DETAILED DESCRIPTION OF THE INVENTION
[0056] FIG. 1 illustrates a method of using tissue pH to identify
ischemic segments of the heart, which are regions of the heart
muscle that are not receiving an adequate blood and nutrient
supply, and the options available to a user to take advantage of
this information and pursue an appropriate course of action. A user
first delivers a pH electrode to a patient's heart 10. The user
then measures the tissue pH as displayed on a monitor 12 and
determine whether or not there is acidosis present in the tissue
14. If there is no tissue acidosis 16, the pH is again measured 12.

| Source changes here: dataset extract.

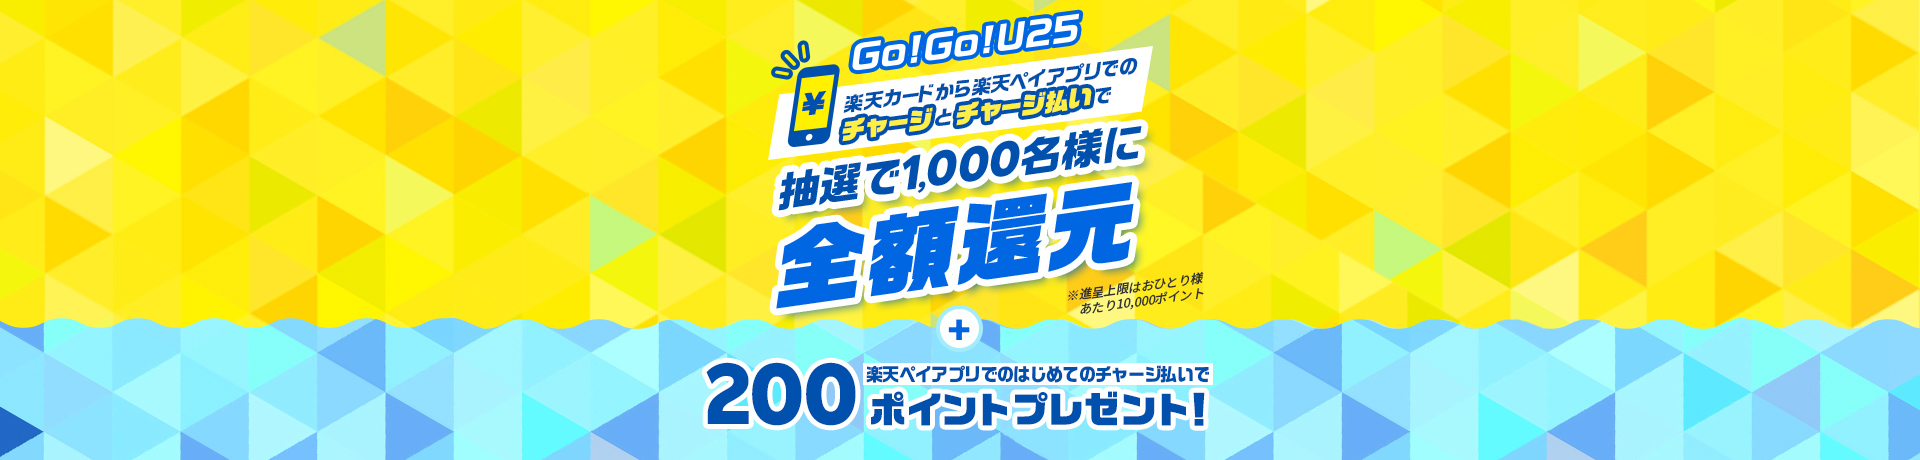 Go!Go!U25 楽天カードから楽天ペイアプリへのチャージとチャージ払いで抽選で1,000名様に全額還元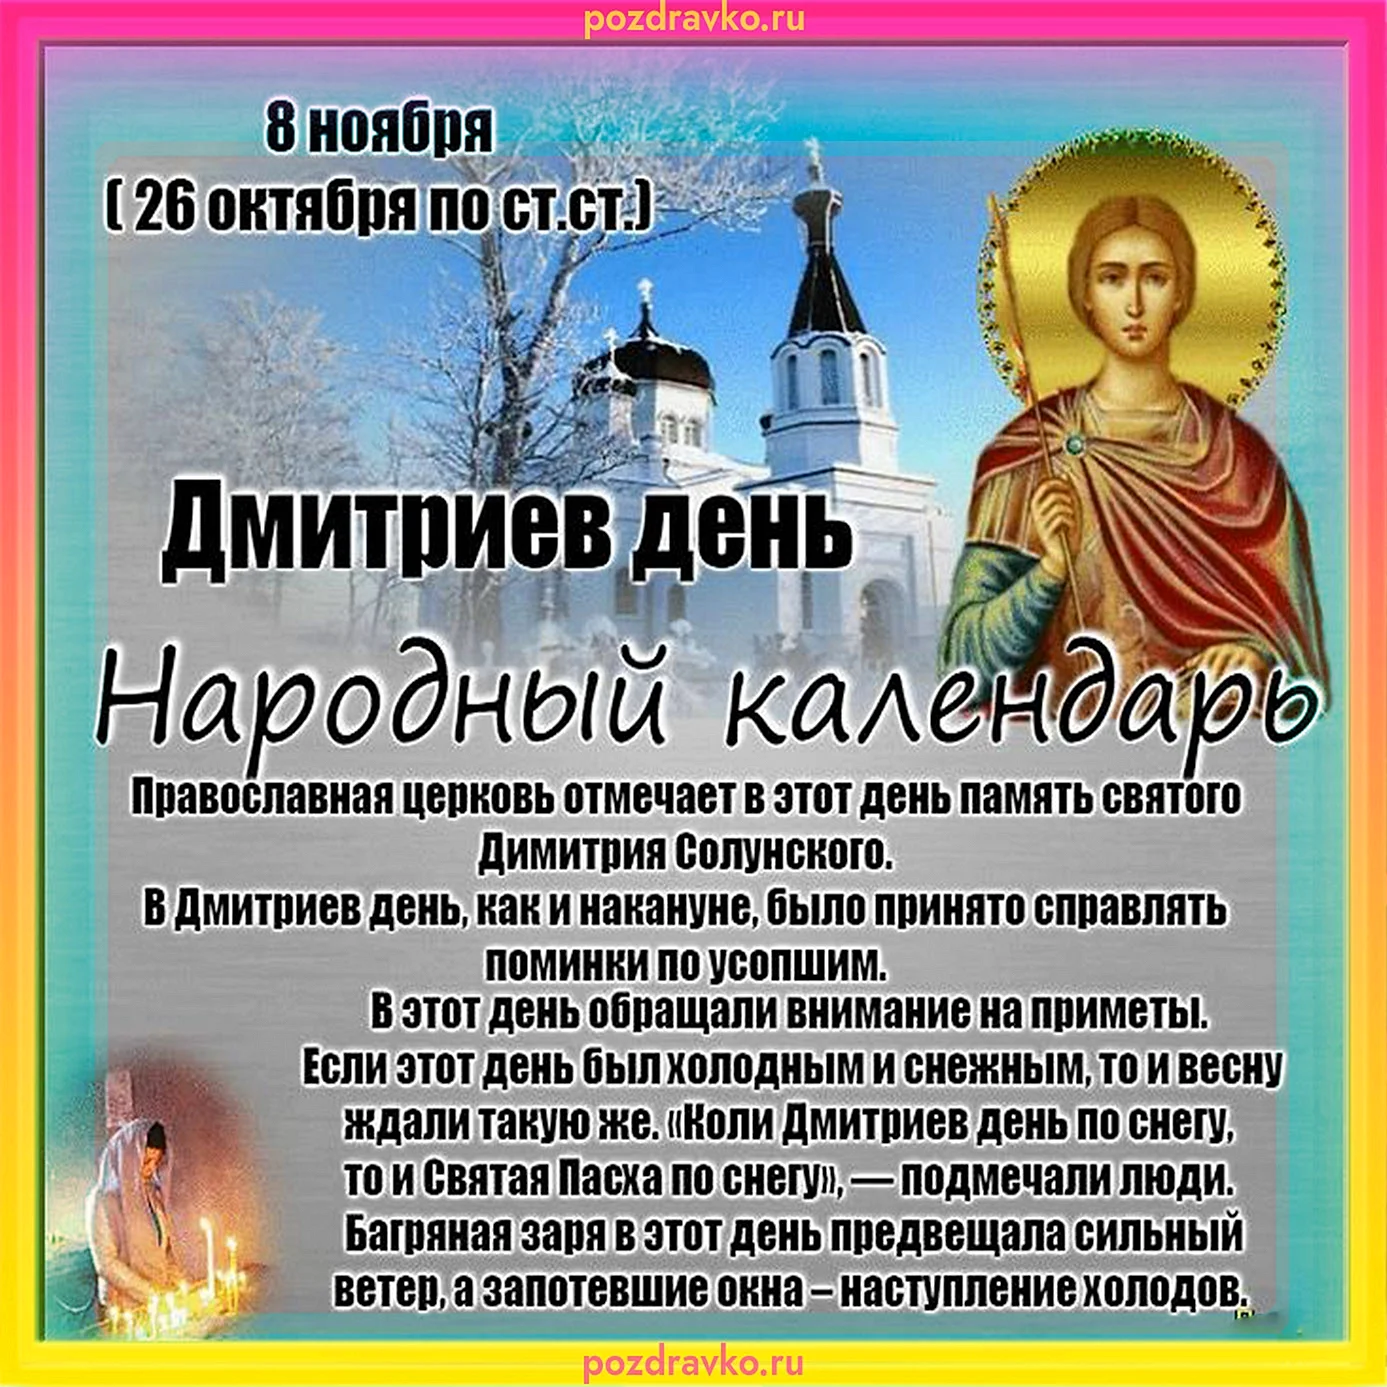 8 Ноября праздник Дмитриев день

In a preferred embodiment, the-pH is continually measured by the
electrode with the pH measurements displayed on a monitor. If
acidosis existed in the tissue 18, however, the user uses this
information to take appropriate action such as, but not limited to,
the following actions.
[0057] A user can effect an optimal delivery of the preservation
solutions to the heart through one or more of a compendium of
specific interventions 20. To perform open heart surgery, the aorta
has to be clamped thus depriving the heart muscle from its blood,
nutrient, and oxygen supply. A preservation solution, often
referred to as a cardioplegic solution, is normally perfused into
the heart and its blood vessels to prevent time-dependent ischemic
damage. It has been shown that the measurement of tissue pH, which
reflects, in part, the washout of the hydrogen ion generated by the
metabolic processes, is a good indicator of the regional
distribution of the preservation solution. It has also been shown
this distribution to be markedly heterogeneous and unpredictable,
with segments of the myocardial wall suffering from acidosis
because of failure of the cardioplegic solution to reach these
segments. The main objective of pH-guided myocardial management is
to prevent tissue acidosis in all the segments of the myocardium
throughout the course of open heart surgery. This is achieved by
insuring an adequate and a homogeneous delivery of the cardioplegic
solution and an adequate revascularization of ischemic segments of
the heart. These are achieved by maintenance of the myocardial pH
as near normal as possible, with normal pH ranging between, in
particular 7.1 through 7.3.
[0058] A user can also assess the adequacy of coronary
revascularization following coronary artery bypass grafting,
balloon dilatation or intracoronary stenting 22. This functionality
employs the rate of washout of the hydrogen ion accumulating in the
tissues during ischemia as an indication of the magnitude of tissue
blood flow. Following restoration of flow through a newly
constructed aorto-coronary bypass graft, no change in the pH of a
myocardial segment subtended by that graft indicates inadequate
revascularization. On the other hand, a rise in the pH of more than
0.1 pH units indicates restoration of effective tissue flow to the
ischemic myocardium.
[0059] A user can also identify viable but non-functioning heart
muscle 24, known as hibernating myocardium, which improves its
function with adequate coronary revascularization. pH-guided
myocardial management has demonstrated that the ability of the
non-contractile myocardial wall segment to produce acid, i.e. to
exhibit tissue acidosis, is an indication of the viability and
reversibility of dysfunction in this segment. Hence the procedure
provides a tool with which the viability of the non-contractile
myocardial segment can be assessed.
[0060] A user can also prompt specific changes in the conduct of
the operation 26 after obtaining information regarding tissue pH.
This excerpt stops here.